REQUIRED WORK
Write out every record below exactly as it appears.
Segment Open
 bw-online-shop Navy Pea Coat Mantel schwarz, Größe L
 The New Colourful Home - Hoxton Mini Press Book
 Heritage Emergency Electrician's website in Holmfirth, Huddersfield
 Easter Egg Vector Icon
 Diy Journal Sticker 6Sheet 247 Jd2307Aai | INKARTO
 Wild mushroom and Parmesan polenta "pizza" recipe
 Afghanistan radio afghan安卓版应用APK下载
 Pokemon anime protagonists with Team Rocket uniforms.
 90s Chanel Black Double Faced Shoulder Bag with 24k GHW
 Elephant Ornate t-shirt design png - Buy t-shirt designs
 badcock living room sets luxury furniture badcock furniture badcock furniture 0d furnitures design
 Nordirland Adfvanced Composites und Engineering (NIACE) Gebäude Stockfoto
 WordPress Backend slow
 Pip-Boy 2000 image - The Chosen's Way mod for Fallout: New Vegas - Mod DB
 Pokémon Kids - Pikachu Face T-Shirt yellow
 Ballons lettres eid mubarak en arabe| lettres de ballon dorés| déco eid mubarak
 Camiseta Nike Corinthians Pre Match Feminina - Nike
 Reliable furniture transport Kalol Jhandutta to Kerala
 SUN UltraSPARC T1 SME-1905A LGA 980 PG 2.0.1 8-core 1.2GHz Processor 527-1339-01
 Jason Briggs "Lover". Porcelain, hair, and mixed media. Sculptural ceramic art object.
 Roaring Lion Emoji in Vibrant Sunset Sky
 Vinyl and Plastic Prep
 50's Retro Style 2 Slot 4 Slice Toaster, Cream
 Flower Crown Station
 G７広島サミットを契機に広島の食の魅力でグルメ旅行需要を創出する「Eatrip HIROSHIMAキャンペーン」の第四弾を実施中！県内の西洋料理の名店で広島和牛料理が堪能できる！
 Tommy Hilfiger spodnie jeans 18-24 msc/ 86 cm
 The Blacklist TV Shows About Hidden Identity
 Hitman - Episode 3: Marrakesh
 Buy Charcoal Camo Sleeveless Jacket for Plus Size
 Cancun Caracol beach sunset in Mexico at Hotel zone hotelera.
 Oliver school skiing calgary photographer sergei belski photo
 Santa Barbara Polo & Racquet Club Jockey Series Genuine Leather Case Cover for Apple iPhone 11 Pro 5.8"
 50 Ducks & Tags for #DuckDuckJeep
Segment Closed
SOLUTION
 bw-online-shop Navy Pea Coat Mantel schwarz, Größe L
 The New Colourful Home - Hoxton Mini Press Book
 Heritage Emergency Electrician's website in Holmfirth, Huddersfield
 Easter Egg Vector Icon
 Diy Journal Sticker 6Sheet 247 Jd2307Aai | INKARTO
 Wild mushroom and Parmesan polenta "pizza" recipe
 Afghanistan radio afghan安卓版应用APK下载
 Pokemon anime protagonists with Team Rocket uniforms.
 90s Chanel Black Double Faced Shoulder Bag with 24k GHW
 Elephant Ornate t-shirt design png - Buy t-shirt designs
 badcock living room sets luxury furniture badcock furniture badcock furniture 0d furnitures design
 Nordirland Adfvanced Composites und Engineering (NIACE) Gebäude Stockfoto
 WordPress Backend slow
 Pip-Boy 2000 image - The Chosen's Way mod for Fallout: New Vegas - Mod DB
 Pokémon Kids - Pikachu Face T-Shirt yellow
 Ballons lettres eid mubarak en arabe| lettres de ballon dorés| déco eid mubarak
 Camiseta Nike Corinthians Pre Match Feminina - Nike
 Reliable furniture transport Kalol Jhandutta to Kerala
 SUN UltraSPARC T1 SME-1905A LGA 980 PG 2.0.1 8-core 1.2GHz Processor 527-1339-01
 Jason Briggs "Lover". Porcelain, hair, and mixed media. Sculptural ceramic art object.
 Roaring Lion Emoji in Vibrant Sunset Sky
 Vinyl and Plastic Prep
 50's Retro Style 2 Slot 4 Slice Toaster, Cream
 Flower Crown Station
 G７広島サミットを契機に広島の食の魅力でグルメ旅行需要を創出する「Eatrip HIROSHIMAキャンペーン」の第四弾を実施中！県内の西洋料理の名店で広島和牛料理が堪能できる！
 Tommy Hilfiger spodnie jeans 18-24 msc/ 86 cm
 The Blacklist TV Shows About Hidden Identity
 Hitman - Episode 3: Marrakesh
 Buy Charcoal Camo Sleeveless Jacket for Plus Size
 Cancun Caracol beach sunset in Mexico at Hotel zone hotelera.
 Oliver school skiing calgary photographer sergei belski photo
 Santa Barbara Polo & Racquet Club Jockey Series Genuine Leather Case Cover for Apple iPhone 11 Pro 5.8"
 50 Ducks & Tags for #DuckDuckJeep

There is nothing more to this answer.